**Exercise requirements:**
Starting from the line that holds "East Lake Weir, 1875-2015", print each remaining line of the entries exactly, ending with the last.

**Record set:**
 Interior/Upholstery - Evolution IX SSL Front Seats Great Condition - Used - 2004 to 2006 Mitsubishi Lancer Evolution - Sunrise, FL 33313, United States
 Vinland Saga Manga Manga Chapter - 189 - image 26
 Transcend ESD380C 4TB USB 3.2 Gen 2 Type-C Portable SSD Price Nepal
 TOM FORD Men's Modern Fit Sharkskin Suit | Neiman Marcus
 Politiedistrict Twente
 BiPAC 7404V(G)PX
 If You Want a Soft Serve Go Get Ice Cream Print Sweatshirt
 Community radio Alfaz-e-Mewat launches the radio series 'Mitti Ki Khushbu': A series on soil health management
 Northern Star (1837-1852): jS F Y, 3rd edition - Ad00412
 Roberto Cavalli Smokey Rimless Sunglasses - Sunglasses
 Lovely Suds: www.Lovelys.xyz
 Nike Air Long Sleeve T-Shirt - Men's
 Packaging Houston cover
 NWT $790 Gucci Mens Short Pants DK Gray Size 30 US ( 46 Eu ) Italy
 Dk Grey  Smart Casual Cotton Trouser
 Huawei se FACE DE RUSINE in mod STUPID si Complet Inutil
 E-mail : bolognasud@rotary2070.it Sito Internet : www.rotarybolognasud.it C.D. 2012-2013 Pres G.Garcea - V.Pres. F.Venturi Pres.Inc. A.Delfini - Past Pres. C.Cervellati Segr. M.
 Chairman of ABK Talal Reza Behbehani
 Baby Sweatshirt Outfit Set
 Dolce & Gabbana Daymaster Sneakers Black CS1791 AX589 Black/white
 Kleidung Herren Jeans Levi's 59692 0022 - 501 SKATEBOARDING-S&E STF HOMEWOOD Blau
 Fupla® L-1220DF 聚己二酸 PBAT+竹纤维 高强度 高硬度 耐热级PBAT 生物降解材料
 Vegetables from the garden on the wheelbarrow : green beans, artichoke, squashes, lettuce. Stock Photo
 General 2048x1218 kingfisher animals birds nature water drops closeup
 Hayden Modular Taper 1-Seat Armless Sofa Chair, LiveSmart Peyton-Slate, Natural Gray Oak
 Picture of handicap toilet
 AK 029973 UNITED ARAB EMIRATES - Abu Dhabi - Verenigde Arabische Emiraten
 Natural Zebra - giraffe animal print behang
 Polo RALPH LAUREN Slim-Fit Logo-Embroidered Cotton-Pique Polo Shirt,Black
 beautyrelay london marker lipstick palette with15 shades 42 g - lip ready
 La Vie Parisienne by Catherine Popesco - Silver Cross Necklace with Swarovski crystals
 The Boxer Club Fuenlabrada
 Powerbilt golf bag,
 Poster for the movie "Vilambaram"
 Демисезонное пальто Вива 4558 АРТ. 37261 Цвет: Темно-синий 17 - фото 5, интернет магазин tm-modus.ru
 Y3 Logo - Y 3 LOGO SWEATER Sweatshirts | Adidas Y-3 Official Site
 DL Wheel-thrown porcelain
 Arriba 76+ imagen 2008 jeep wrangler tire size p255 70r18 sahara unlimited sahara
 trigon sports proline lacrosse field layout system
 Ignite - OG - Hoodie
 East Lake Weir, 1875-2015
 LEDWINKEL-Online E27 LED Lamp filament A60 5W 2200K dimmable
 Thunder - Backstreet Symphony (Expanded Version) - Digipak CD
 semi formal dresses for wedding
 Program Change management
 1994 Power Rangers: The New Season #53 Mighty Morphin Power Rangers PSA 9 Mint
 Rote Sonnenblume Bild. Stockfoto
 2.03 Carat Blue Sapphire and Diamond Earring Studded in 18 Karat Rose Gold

**Finished exercise:**
 East Lake Weir, 1875-2015
 LEDWINKEL-Online E27 LED Lamp filament A60 5W 2200K dimmable
 Thunder - Backstreet Symphony (Expanded Version) - Digipak CD
 semi formal dresses for wedding
 Program Change management
 1994 Power Rangers: The New Season #53 Mighty Morphin Power Rangers PSA 9 Mint
 Rote Sonnenblume Bild. Stockfoto
 2.03 Carat Blue Sapphire and Diamond Earring Studded in 18 Karat Rose Gold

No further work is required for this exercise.